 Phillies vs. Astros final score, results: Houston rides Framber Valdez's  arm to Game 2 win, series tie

==

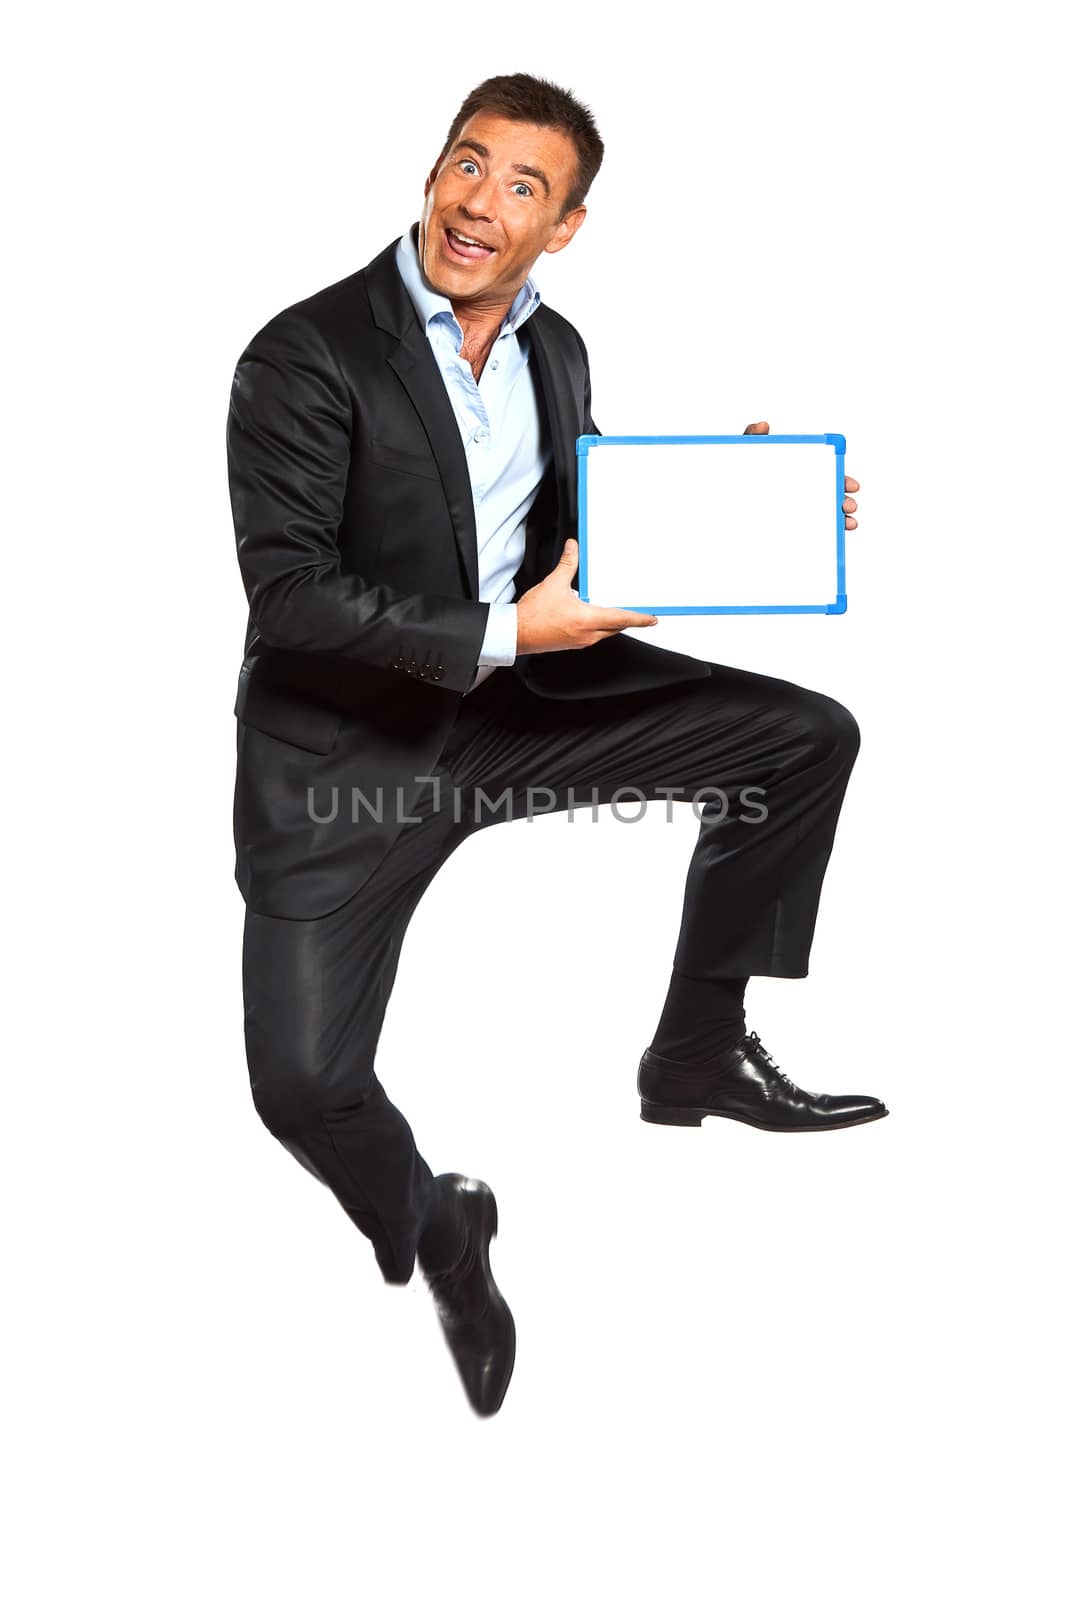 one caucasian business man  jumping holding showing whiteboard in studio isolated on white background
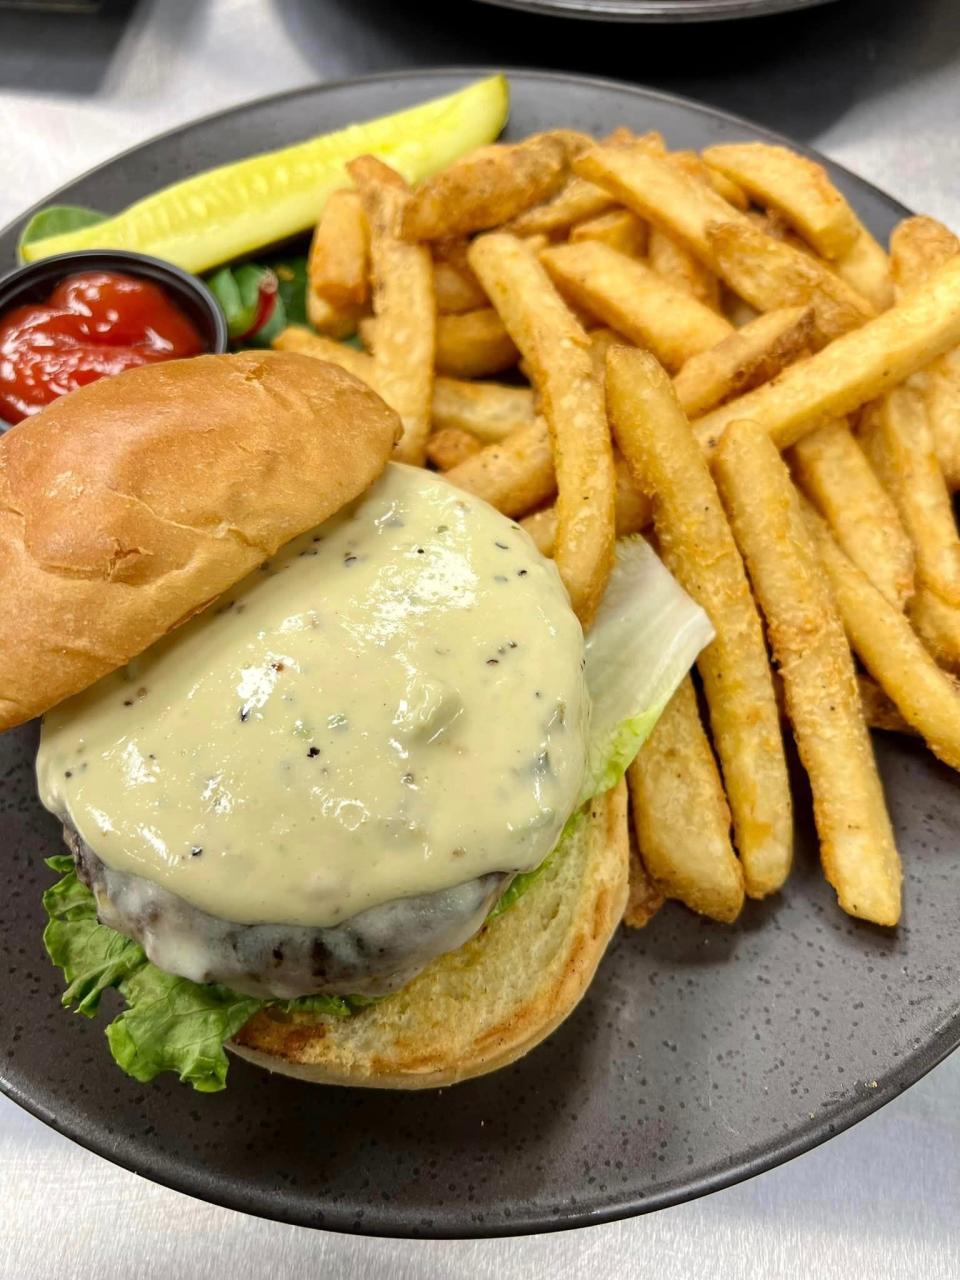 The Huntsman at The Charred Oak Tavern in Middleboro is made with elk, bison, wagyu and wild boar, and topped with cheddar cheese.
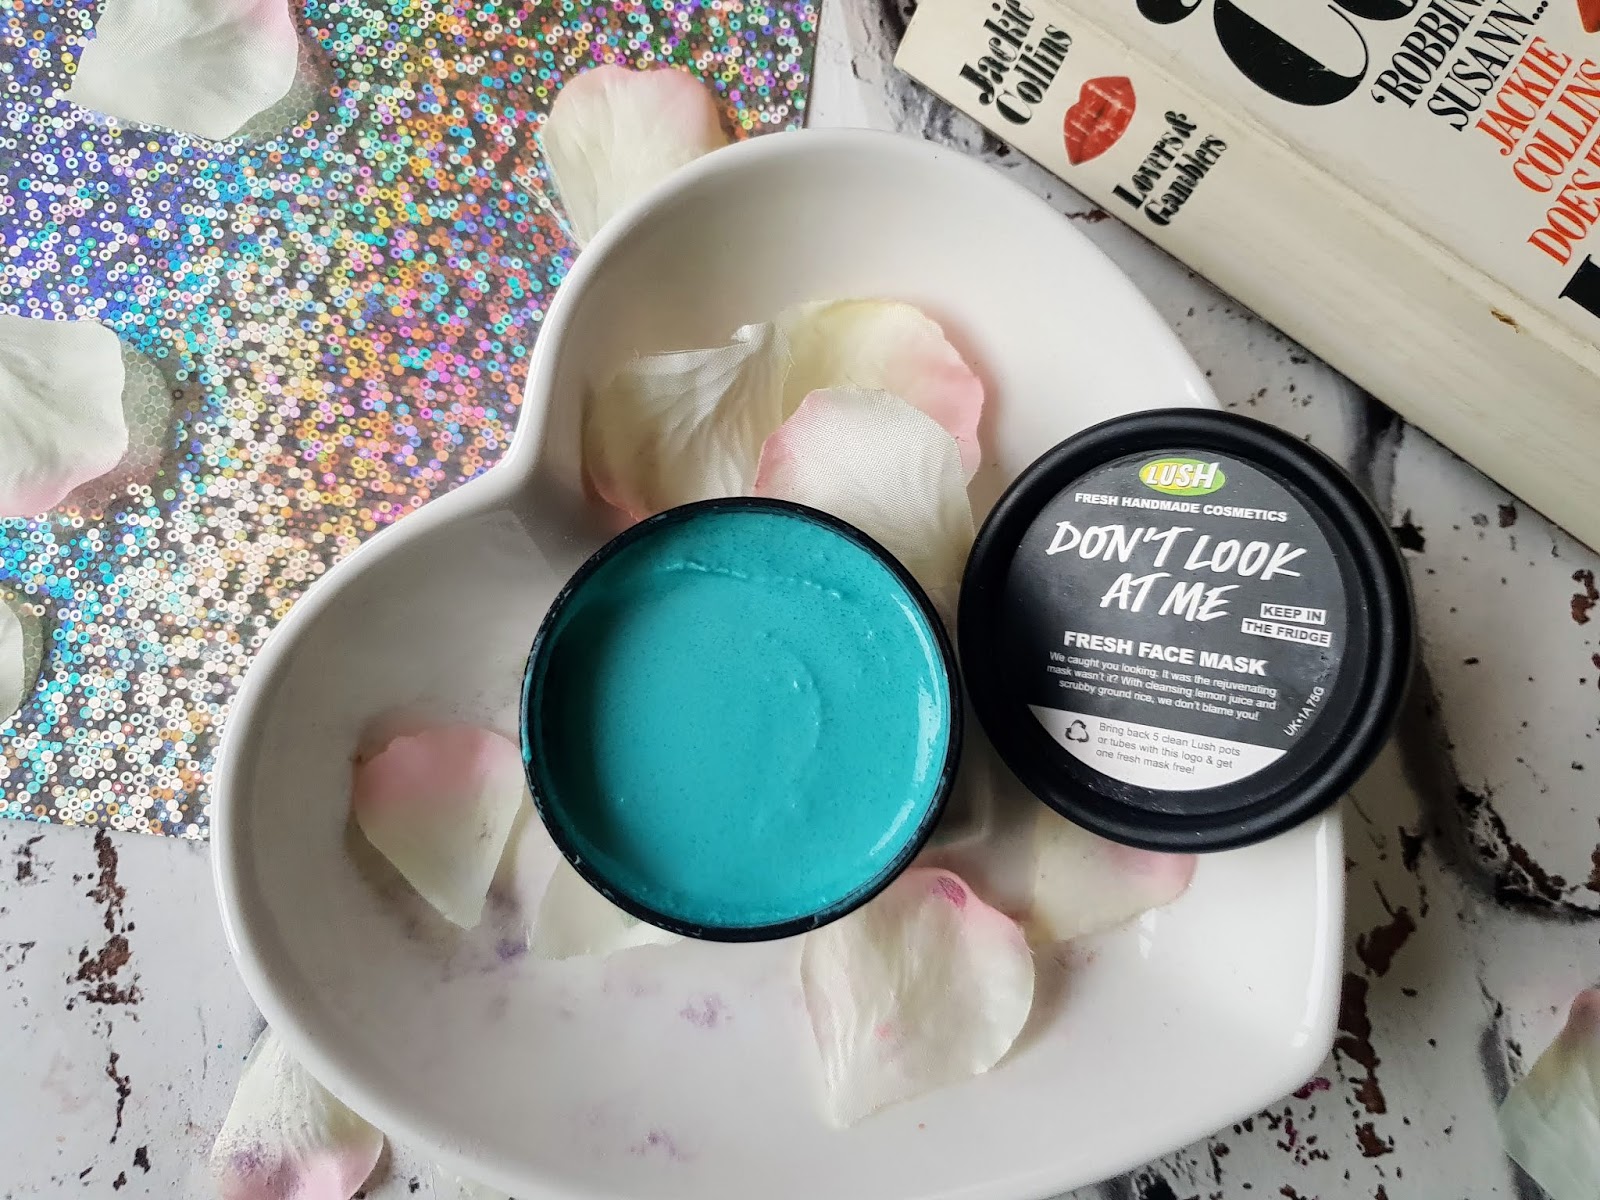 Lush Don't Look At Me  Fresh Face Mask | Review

--

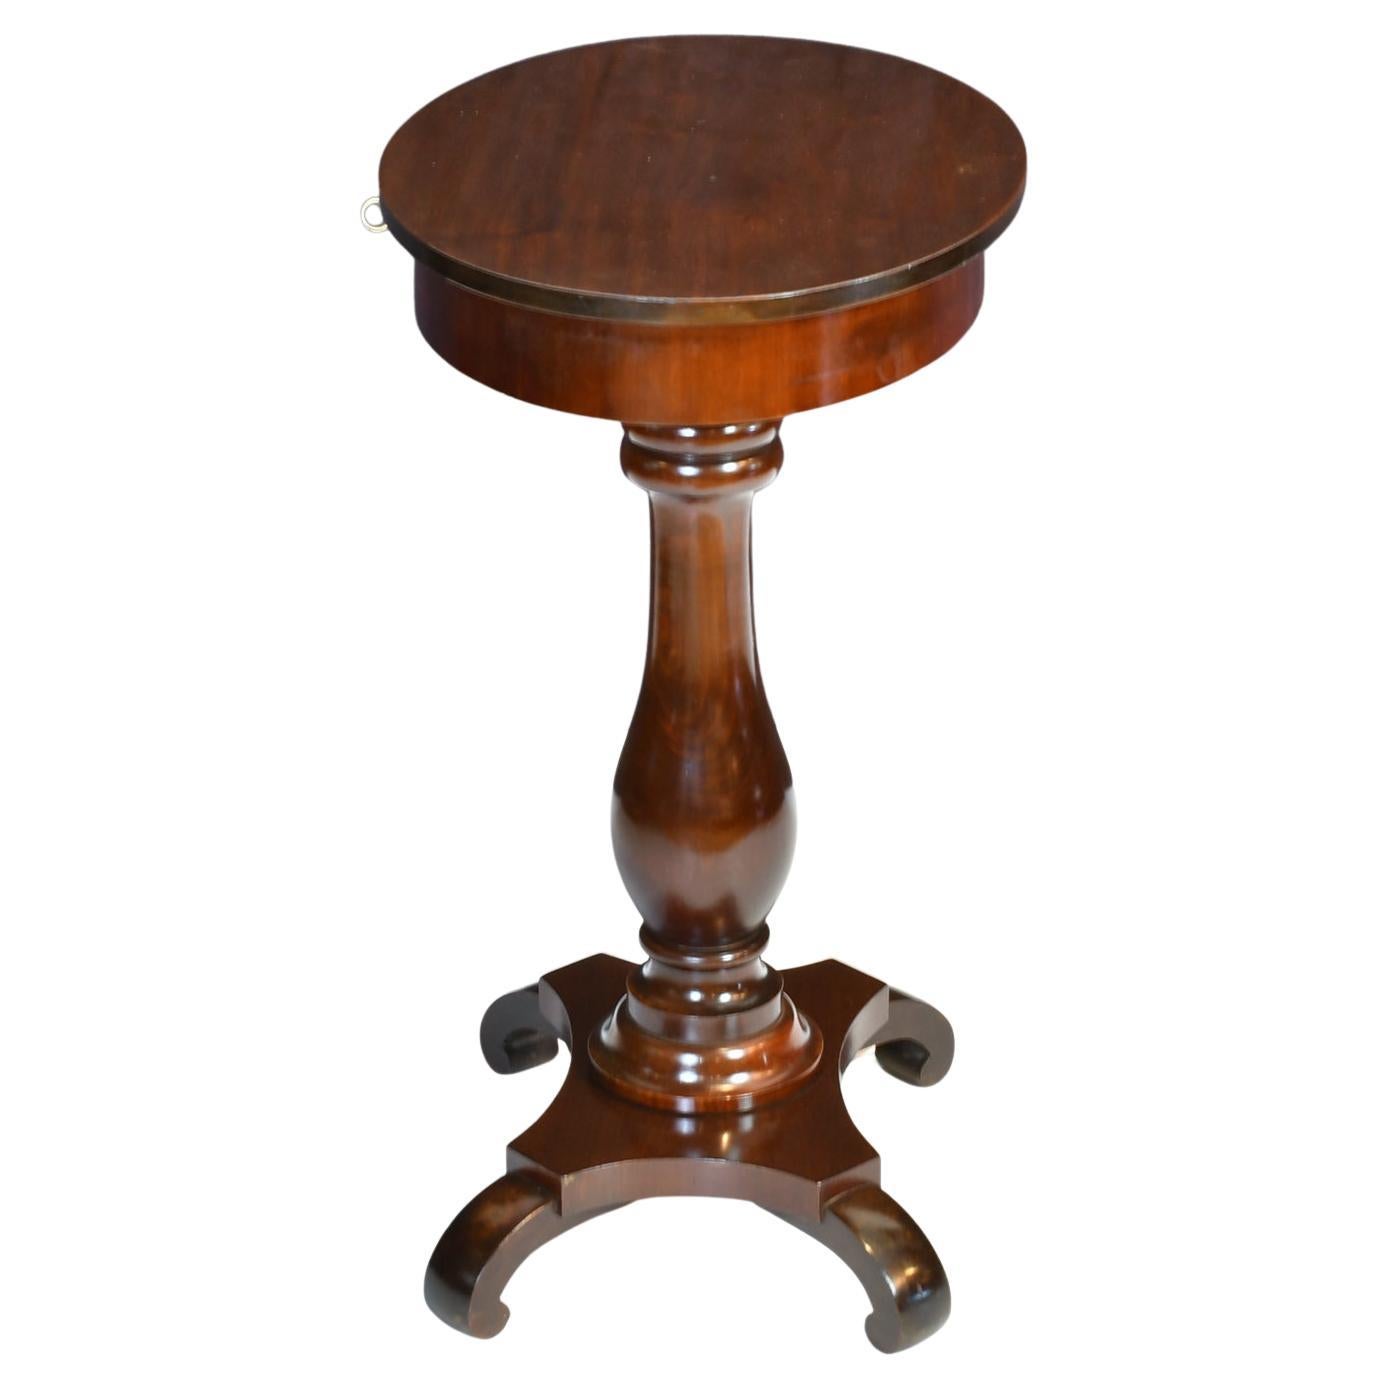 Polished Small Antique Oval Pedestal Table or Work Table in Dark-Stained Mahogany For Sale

> _What is required_
Look above for the line with "one caucasian business" and the line with "Lush Don't Look". Copy them and every line between, exactly, but no pictures.

> _Answer for this exercise_
 one caucasian business man  jumping holding showing whiteboard in studio isolated on white background
 The Huntsman at The Charred Oak Tavern in Middleboro is made with elk, bison, wagyu and wild boar, and topped with cheddar cheese.
 Lush Don't Look At Me  Fresh Face Mask | Review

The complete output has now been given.